Non seulement Joseph avait un avenir, mais il a assuré un avenir aux autres !

e / – La bénédiction dont nous parlons n’était pas sortie de l’imagination de ces hommes; C’était une bénédiction basée sur la foi en la promesse de Dieu. Ils ont cru à ce que Dieu avait promis. Dieu avait dit à leur ancêtre Abraham, que leurs descendants seraient aussi nombreux que les étoiles des cieux, qu’ils deviendraient une grande nation et qu’ils hériteraient le pays. Ils ont donc cru qu’il y aurait un avenir !

f / – Quand ils communiquaient la bénédiction, c’était un acte de foi dans les promesses de Dieu. C’est ainsi que Joseph a pu ordonner que ses os soient emmenés au Pays de Canaan parce qu’il avait confiance dans les promesses de Dieu.

g / – Jér. 29 : 11 – « Car je connais les projets que j’ai formés sur vous, dit l’Éternel, projets de paix et non de malheur, afin de vous donner un avenir et de l’espérance. »

3 – Bénir quelqu’un implique que j’ai quelque chose à communiquer :

a / – Quand Isaac a béni Jacob, il a cru que ces paroles allaient s’accomplir :

• « Je l’ai béni. Aussi sera-t-il béni. » Gen. 27 : 33

Il a foi que Jacob sera réellement béni ! Comment Isaac pouvait-il avoir une telle confiance que ses paroles allaient s’accomplir ? Pouvait-il voir dans le futur et faire des prédictions ? Non !

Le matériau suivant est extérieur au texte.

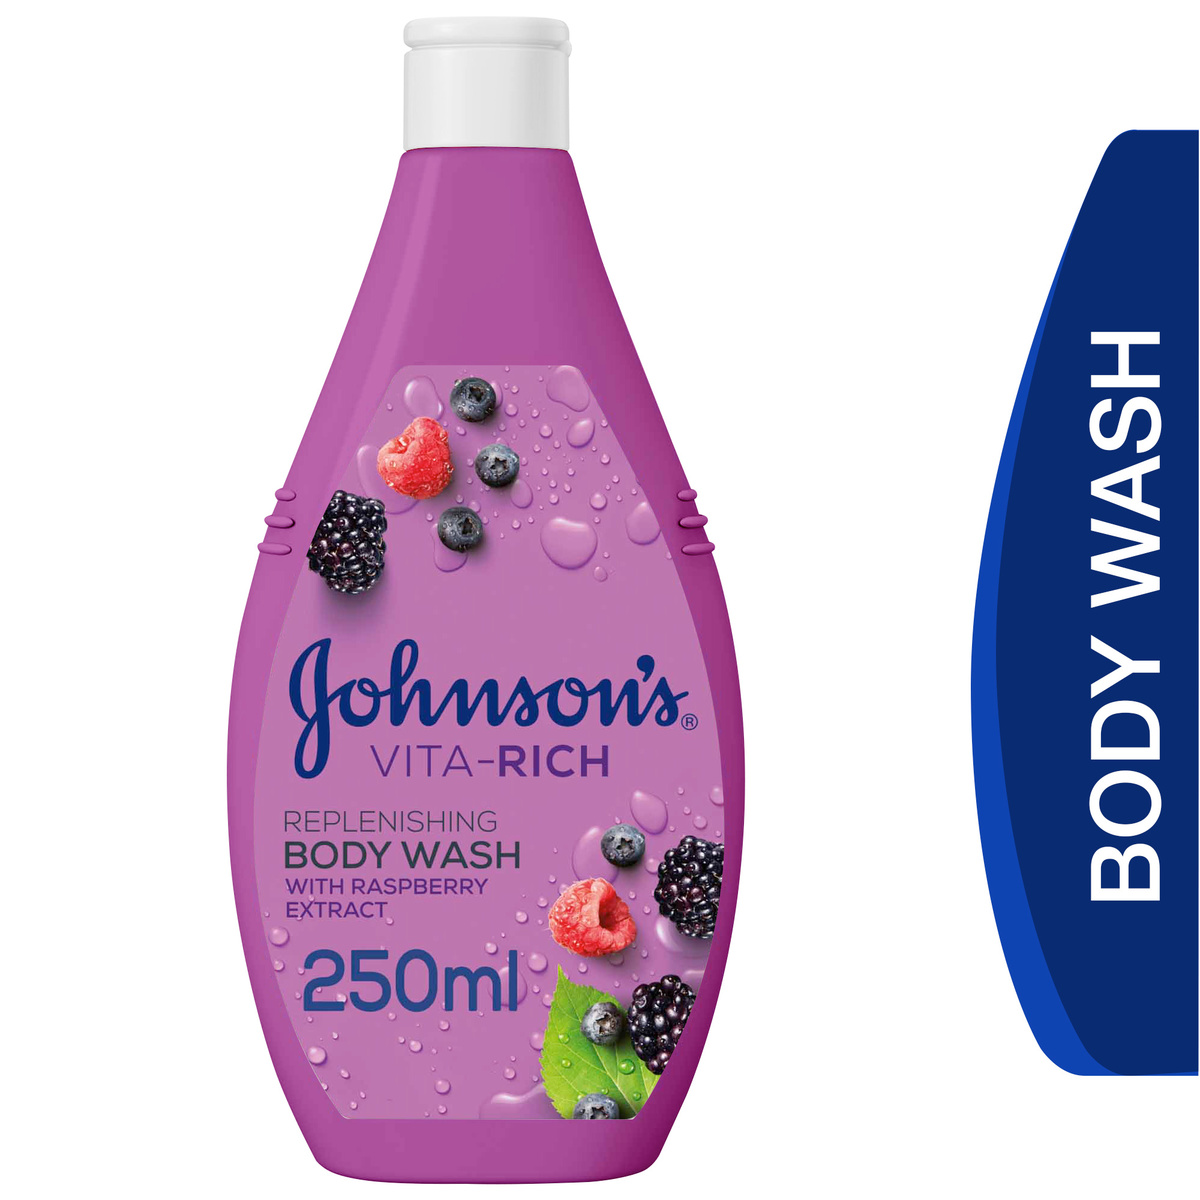 اشتري قم بشراء جونسون غسول الجسم فيتا ريتش نضارة 250 مل Online at Best Price من الموقع - من لولو هايبر ماركت Shower Gel&Body Wash في السعودية

b / – Il pouvait avoir une telle confiance parce qu’il n’était pas la source de la bénédiction. Il était seulement celui qui transmettait la bénédiction à Jacob. Voyez Gen. 28 : 3.

• « Que le Dieu tout-puissant te bénisse, te rende fécond et te multiplie, afin que tu deviennes une multitude de peuples! Qu’il te donne la bénédiction d’Abraham, à toi et à ta postérité avec toi, afin que tu possèdes le pays où tu habites comme étranger, et qu’il a donné à Abraham! »

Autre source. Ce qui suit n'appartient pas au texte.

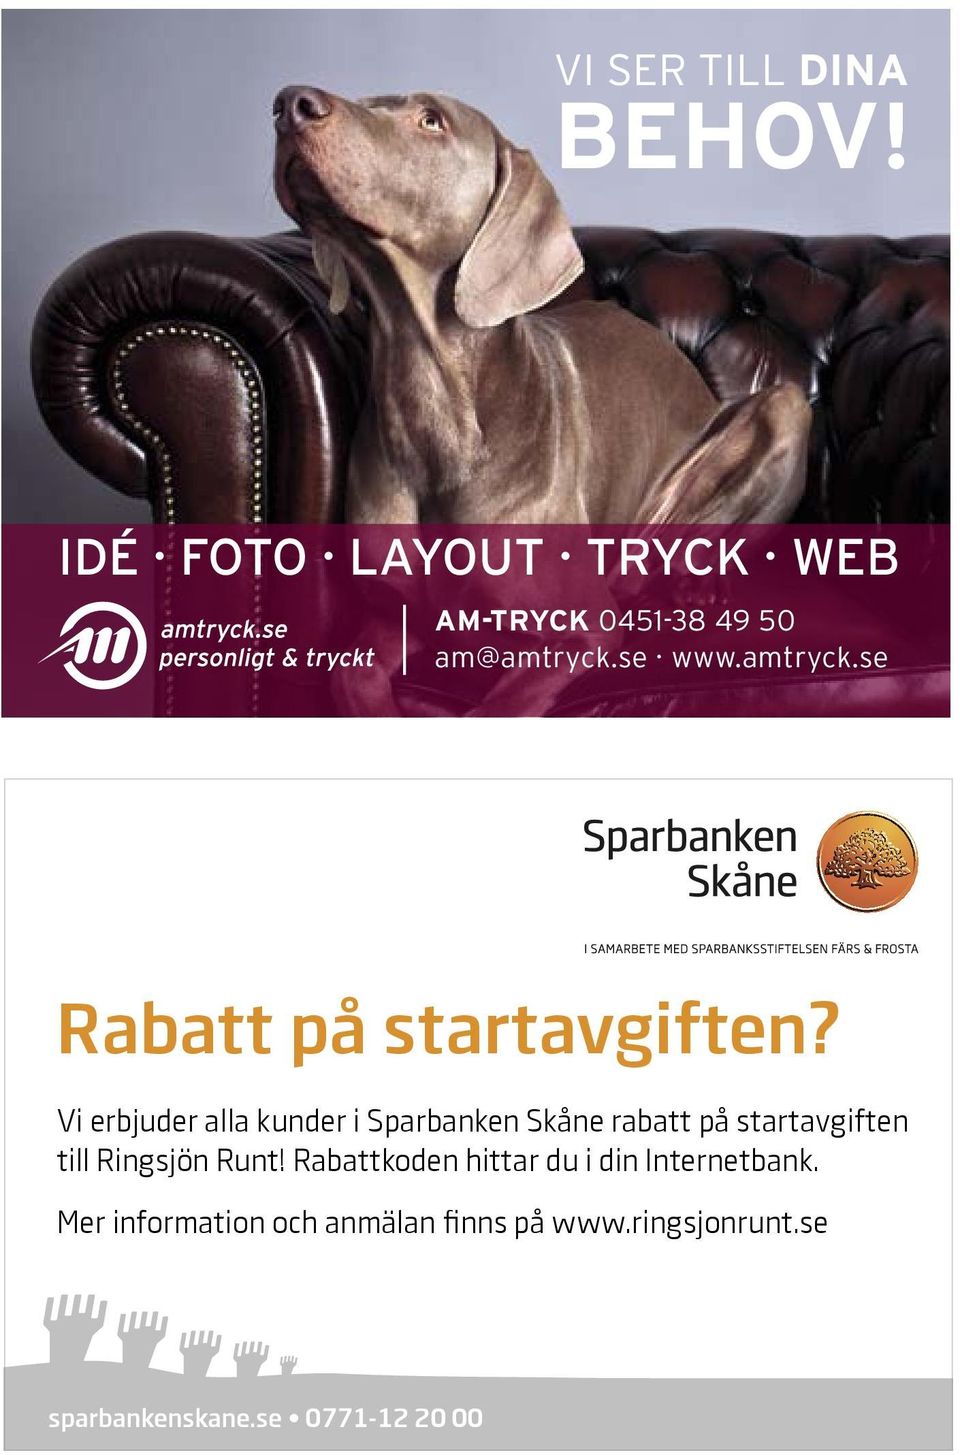 Vi erbjuder alla kunder i Sparbanken Skåne rabatt på startavgiften till Ringsjön Runt!

c / – « C’est Dieu qui a donné à Abraham… » C’est Dieu qui est la source de la bénédiction. C’est de cette façon que nous sommes en bénédiction.
Nous avons l’impression que nous n’avons pas de responsabilité à transmettre quelque chose, parce que nous n’avons RIEN ! En regardant du point de vue humain c’est sans doute vrai.

d / – Mais nous sommes maintenant des membres de Christ, nous avons reçu l’Esprit…
Des multitudes de gens ne se sentent pas aimés… Nous, nous avons l’amour de Dieu !
Ils se sentent abandonnés, perdus, apportons-leur la bénédiction de l’évangile.

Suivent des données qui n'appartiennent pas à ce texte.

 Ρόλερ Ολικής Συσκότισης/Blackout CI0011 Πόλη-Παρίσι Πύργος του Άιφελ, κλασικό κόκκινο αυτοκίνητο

e / – Dieu nous a donné un don particulier… Bénissons autour de nous ! Même si c’est avec une petite chose. Ex. Les petits pains et les poissons dans la main du petit garçon. Le petit ânon dont Jésus a eu besoin. J’ai lu cette petite histoire que je vais essayer de vous raconter :

Illustration :
Karen s’est trouvée enceinte et elle a voulu préparer Micaël, son petit de 3 ans. Suite aux examens, ils ont su que ce serait une fille.
Micaël prit l’habitude de chanter à sa petite sœur dans le sein de la maman… Karen était une femme très active dans son église. Alors que la grossesse s’est déroulée normalement, l’accouchement fut difficile et nécessita une césarienne. Le bébé était vivant mais mal en point. Les jours suivants, son état de santé empira de plus en plus. Les spécialistes dirent aux parents, « Il y a très peu d’espoir… Il vaut mieux se préparer au pire. »
Ainsi Karen et son mari ont contacté le cimetière local pour retenir un emplacement. Ils avaient préparé une chambre pour accueillir le bébé, et maintenant ils préparaient ses funérailles.
Pendant tout ce temps, le petit Micaël demandait tout le temps à voir sa petite sœur parce q’il voulait lui chanter sa chanson.
La deuxième semaine, il semblait bien que le bébé n’arriverait pas jusqu’au bout et qu’il y aurait des funérailles avant la fin de la semaine… Et Micaël continuait à demander à voir sa sœur, il voulait lui chanter la chanson… Malheureusement les enfants ne sont pas admis dans les soins intensifs. Mais pour finir, Karen prit la décision d’emmener Micaël voir sa petite sœur, que l’hôpital soit d’accord ou pas. S’il ne voit pas sa sœur maintenant, il ne la verra jamais vivante. Quand l’infirmière en chef vit le petit garçon, elle se mit à crier. « Sortez cet enfant d’ici. Les enfants ne sont pas admis. » Karen, qui était d’habitude une femme calme eut une réponse assez directe envers l’infirmière? « Il ne sortira pas tant qu’il n’aura pas vu sa sœur ! »
Karen conduisit Micaël là où était sa sœur. Il regarda fixement ce petit bébé qui était en train de perdre la bataille pour sa survie. Alors il commença à chanter. Avec sa petite voix d’un enfant de trois ans, Micaël chante : Les paroles disent à peu près ceci : « Tu es mon rayon de soleil, Mon unique rayon de soleil. Tu me rends heureux quand le ciel est gris… » A l’instant la petite fillette eut une réaction. Les pulsations cardiaques se calment et deviennent régulières.
Micaël continu de chanter. « Tu ne sauras jamais combien je t’aime. S’il te plaît, ne me retire pas mon rayon de soleil… » La respiration rauque et difficile devient douce comme le ronronnement d’un petit chat ! Continu de chanter Micaël. Les larmes gagnent l’infirmière en chef et le visage de Karen s’illumine. « Tu es mon rayon de soleil, mon unique rayon de soleil. S’il te plaît ne me retire pas mon rayon de soleil. »
Plus question de funérailles ! Le lendemain, oui, le lendemain même, la petite fillette se portait assez bien pour rentrer à la maison ! Le magazine « Women’s day » titrait, « Le chant du petit frère produit un miracle. » Le personnel médical disait, « C’est un miracle ! » Karen l’appela le miracle de l’amour de Dieu, car, disait-elle, ne perdez jamais espoir concernant les gens que vous aimez.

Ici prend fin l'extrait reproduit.